Things That Make Me Go Hmmmm...
I was speaking at the Marketing Profs Mixer last week. While I sipped my fresh-squeezed orange juice in the lovely setting sun of Scottsdale, I started to ponder the things that make me scratch my head. What does an impending recessionary market, with many marketers scrambling for cover, bring for the bottom-feeding email marketers, with our 3% of the marketing budget?
In one session, the lead statement from one of the panelists was, "email is dead... as you know it today." I've heard this statement used before to get people's attention, but I couldn't help but look around the room of 100+ people and think, "You guys are experiencing the same problems you have had for the last 5-10 years, so what's new about today?"
Here's a list of random thoughts that I often ponder.
Why is everyone talking about relevance as the golden egg, when there is no possible way to cater to every circumstance, every customer segment, and be contextually relevant to every one of your customers? Isn't it an 80/20 rule?

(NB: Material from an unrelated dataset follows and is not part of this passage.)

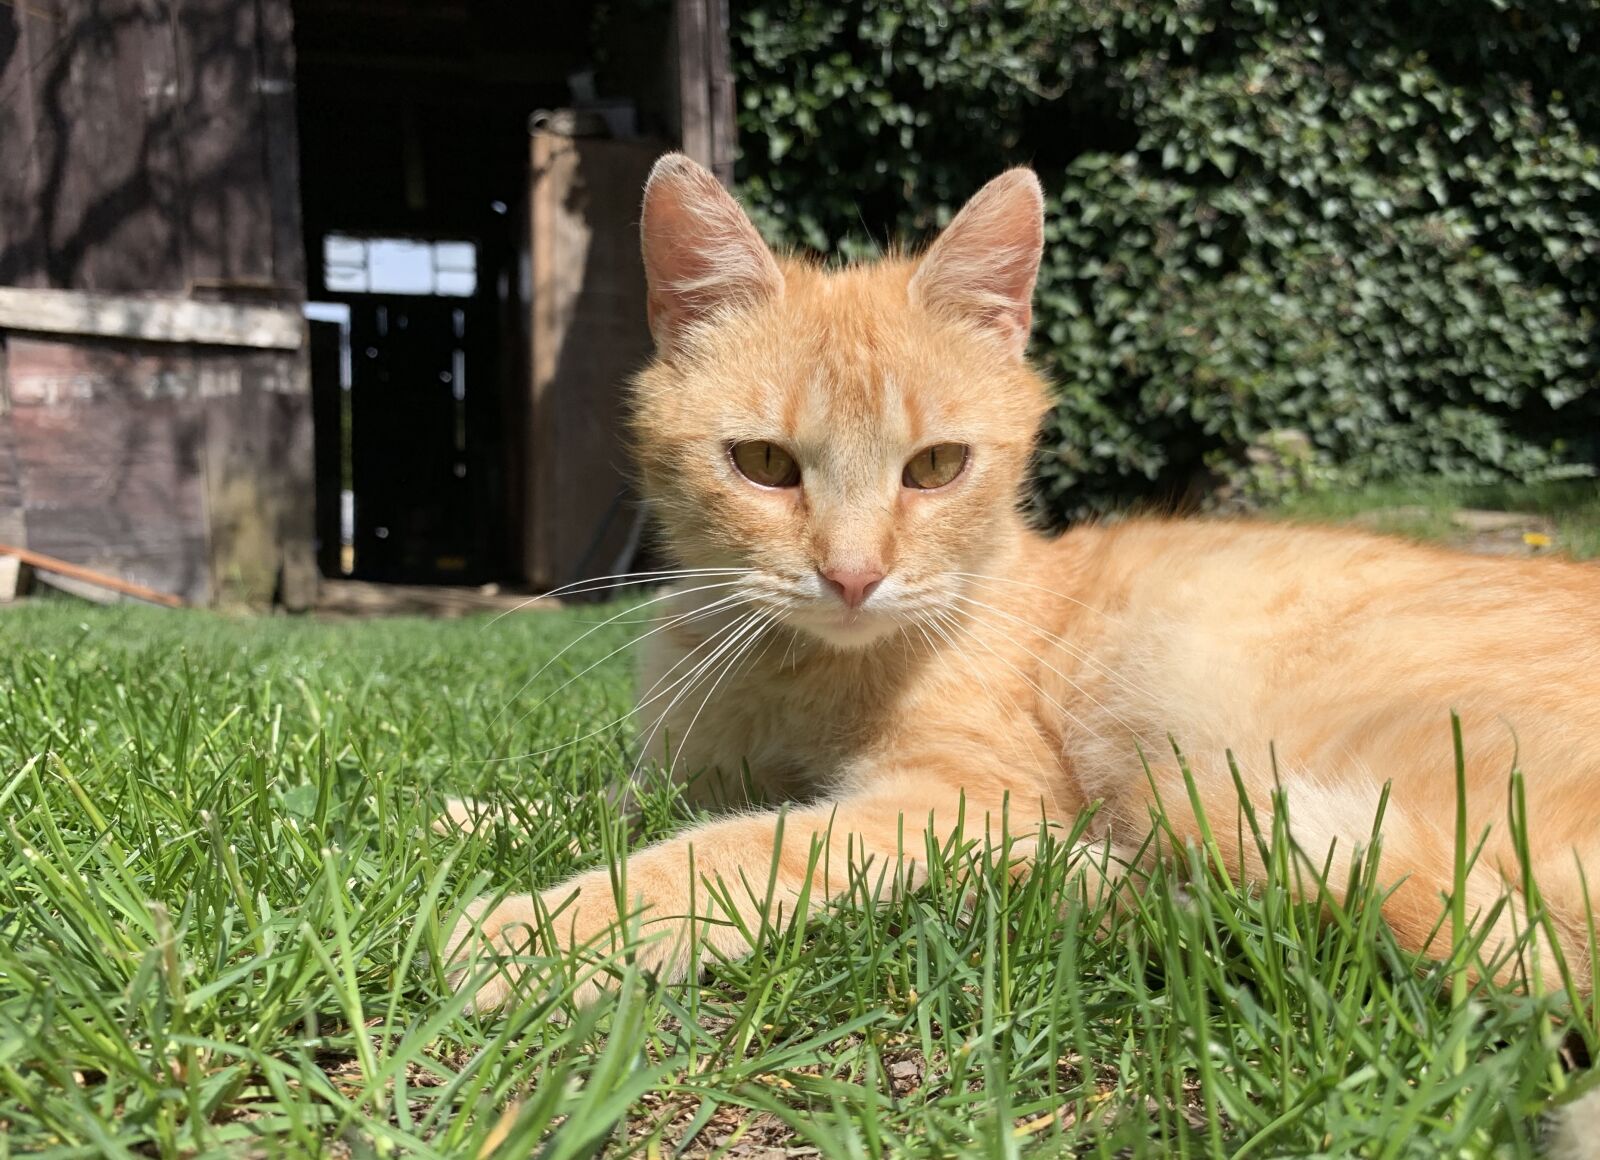 Apple iPhone XR sample photo. Cat, kitten, countryside photography

You worry about 80% of your customers, but can truly cater only to 20% in a truly relevant fashion, if that. Hopefully that is your highest value customers you spend your energy for.
Why is everyone still talking about how much email you should send? This is a broadcaster's view of the world. It isn't about how much email you send to your customers, it's about being smart about how you use email. It should support some need -- basic marketing at its best.
Why is everyone leading every email discussion with how bad SPAM is? Don't let this statement confuse my priorities. Spam complaint ratios are important to watch, monitor and be sensitive to, but so few marketers have valid feedback loops or focus groups to assess their customer's view of SPAM and how it reflects on their program. Without this, you are simply worrying about trend reports that may/may not be relevant to your business and customer's opinions. Do the issues of the 2,000 interviewed in the last analyst report really represent your customer base, and the type of value you drive via email?
Open Rates trending drive me crazy. Everyone seems to put a different value on this information -- and very few people set up business rules to do anything with it. It's a valid metric, but what does it really mean to the health of your email program? What if your open rates are trending downward, but your total clicks are trending upward? Viewership, which is what the proverbial open rate helps you understand, is about reach. It should be trended over time, and is less important campaign-over-campaign.
Why aren't more people talking about cross-channel attribution? I've seen some great stories over the last few months about monitoring LTV and how this impacts. But remember, LTV is not about revenue -- it's about a forward-looking view of profitability of customer segments. We must understand the value of email outside of a click, open and driving a sale. We've diversified email throughout the business to support many things, and you must find a way to show the value of each communication. Does email add value or not? If you can't show the incremental value of email, you will never win the budget battle.
Why do so many people reflect their own personal use of email and experiences on their decisions? The last thing I want to hear from a VP of marketing is, "I get too much email." This is such an irrelevant discussion. We should remember, unless you match the customer profile you are not a good reference to make assumptions about the experience or perception of your customers. You have to develop some feedback loop to validate your ideas. You'll find your meetings and discussions so much more worthy if they doesn't start with a biased opinion based on your personal email usage traits.
Will the economy really impact what we do over the next year or so? I may be an optimist, but I really don't see email marketing being greatly affected. We have relatively fixed budgets, some of it is sunk costs (you are obligated by your contract with your ESP to send a certain number of emails per month). Budgets that are fluid, like online advertising and search, may see more cutbacks for things that have "sunk" budgets that are allocated out in 2010. With that said, I think our channel will survive this time.